CHICAGO – It is well known that manufacturing employment has declined significantly in the United States, owing to the rise of manufacturing in developing countries like Mexico and China. But few recognize similar drops in other sectors, despite such trends’ far-reaching economic, social, and political implications.
Since 1972, the number of telephone operators has fallen by 82%, typists by 80%, secretaries by 60%, and bookkeepers by 50%. Moreover, during the Great Recession, office and administrative jobs declined by 8%, production and craft jobs fell by 17%, and the number of positions for machine operators, fabricators, and laborers dropped by 15%. Employment in all other occupations either remained unchanged or grew.
Manufacturing occupations and administrative support used to employ millions. But technological advances have enabled many of these middle-class jobs to be automated or moved offshore – a process that is expected to accelerate with growing automation of knowledge-based activities and advances in robotics.
In theory, workers can adapt to these changes by seeking employment in occupations that include non-routine tasks, which cannot be computerized or robotized (at least not in the foreseeable future). These include highly paid positions like managers and technicians, as well as relatively low-paid jobs in protective and personal services, food preparation, and cleaning, but few “middle-skill” occupations.
As a result, the labor market is becoming increasingly polarized – a trend that many believe can be addressed with more and better education. But a substantial proportion of cognitively capable people do not respond well to formal education and, even for those who do, it is inadequate to provide the insider knowledge and wide-ranging experience needed to adapt, much less innovate, in a dynamic labor market. This shortcoming partly explains the prevalence of highly educated, unemployed young people worldwide.
Providing workers more options to enhance their knowledge and skills would enable them to capitalize on developing technologies, such as mobile Internet and social media, not only by filling positions at existing companies, but also by launching their own enterprises. Indeed, self-employment is an increasingly attractive option for workers seeking some semblance of job security in an unpredictable and challenging labor market.
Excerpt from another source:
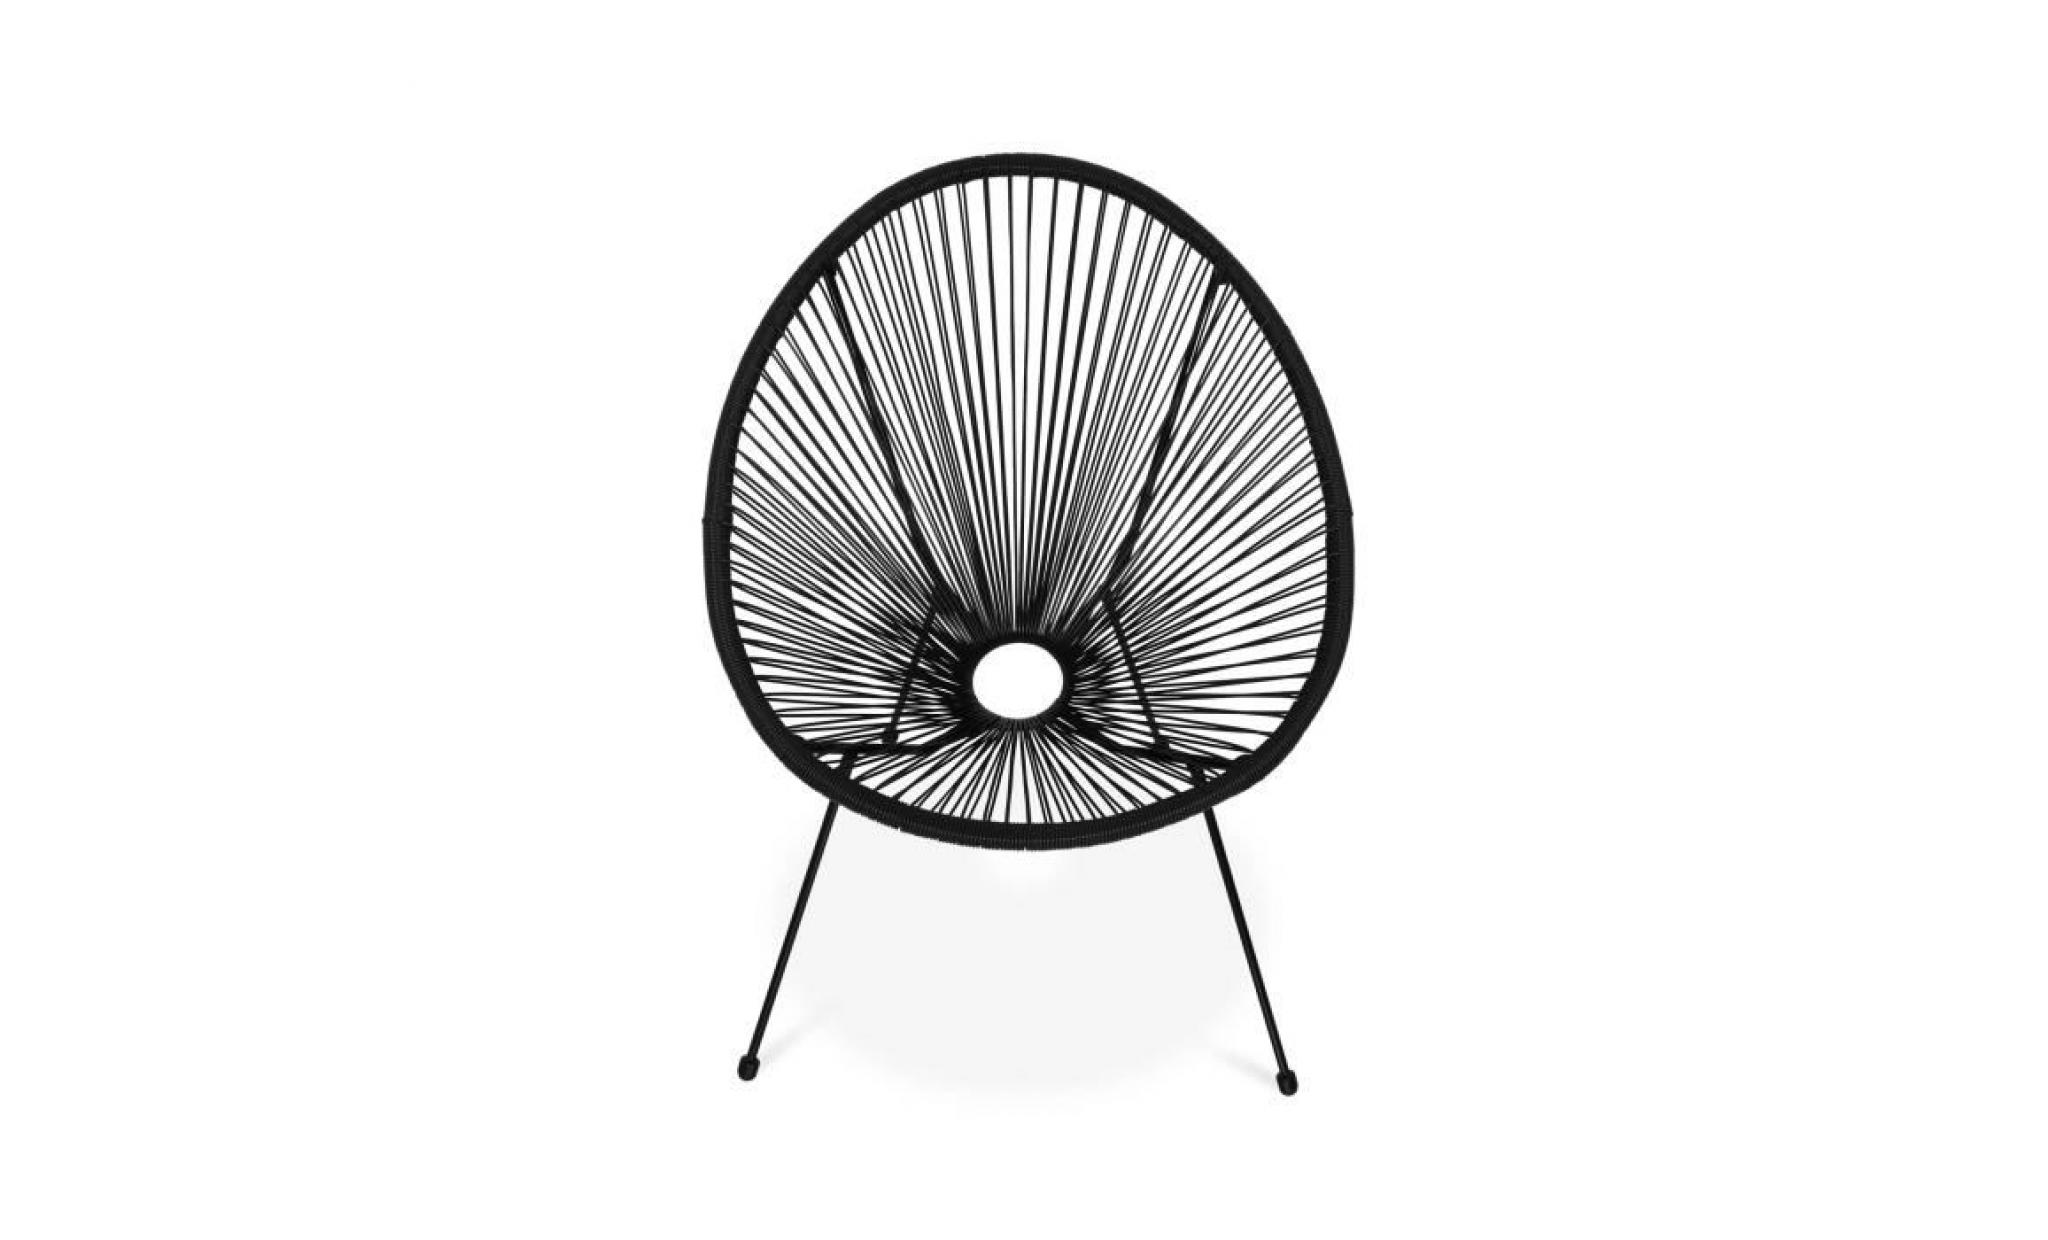 lot de 2 fauteuils design oeuf   acapulco noir   fauteuils 4 pieds design rétro, cordage plastique, intérieur / extérieur pas cher

Given entrepreneurship’s potential to drive innovation and GDP growth, supporting such efforts is in everyone’s interest. But commercial banks are reluctant to finance new ventures by unemployed workers with no collateral, making entrepreneurship a difficult path of labor-market adjustment in developed and developing countries alike.
In order to improve aspiring business owners’ prospects, some countries have begun to offer start-up subsidies to unemployed workers, sometimes in lieu of unemployment benefits. But, while such policies help to reduce unemployment, their impact is subject to human-capital constraints, with many unemployed workers lacking the knowledge, experience, or confidence needed to launch a new venture.
Given this, start-up subsidies should be combined with subsidized entrepreneurial apprenticeships, like those that have provided training for masons, carpenters, plumbers, and electricians for decades (and, in some cases, for centuries). Such apprenticeships would help workers acquire the experience and know-how that they need to take advantage of the opportunities afforded by technological progress.
For example, specialty-shop owners often find that doing business online is far more profitable than operating a brick-and-mortar store, because online retail expands the market for the knowledge contained in the products that they sell. Similarly, the Internet is essential to the developing “sharing economy,” which includes car-sharing providers like Zipcar and I-Go, and accommodation-rental services like Airbnb and Zotel. Such sharing-oriented businesses increase the productivity of existing capital, while creating new jobs for workers.
Initially, existing firms are likely to resist such apprenticeships, because investing time and resources in temporary workers – if not potential competitors – seems to conflict with their interests. Of course, once an apprenticeship program is operational, the larger benefits implied by a more productive economy and lower unemployment will become apparent. But getting there will require some convincing.
That is where governments come in. With effective subsidy programs, governments can induce young, successful businesses that are exploiting recent developments in information technology and related fields to take on entrepreneurial apprentices. Selecting innovative new firms, rather than established companies in traditional industries, is essential, not least because these are the firms that will provide most of the future employment growth.
Furthermore, these businesses are best suited to provide the relevant knowledge and experience for a start-up. And, in the case of a family-owned business seeking a new proprietor, training an apprentice can be an effective way to pass on the relevant knowledge, as well as the firm’s assets.
Apprenticeships would facilitate the integration of younger workers into the labor force, while helping to correct skills mismatches among more experienced workers. But an apprenticeship should not be confused with an unpaid internship. Indeed, apprentices should be compensated at least at the minimum wage rate in a given occupation.
In addition to providing the funds for apprentices’ salaries, governments must monitor progress to ensure that apprentices are gaining valuable knowledge and experience. At the end of a successful apprenticeship, a start-up subsidy should be available for aspiring entrepreneurs with good ideas and proven potential as business owners.
In a dynamic and unpredictable labor market, workers must be ready for anything. Apprenticeships could not only help to boost human capital, lower unemployment, and increase labor productivity; they could also help to fuel the innovation and entrepreneurial spirit that ultimately drive economic growth and development.
Dale Mortensen, a Nobel laureate in economics, is Board of Trustees Professor of Economics at Northwestern University.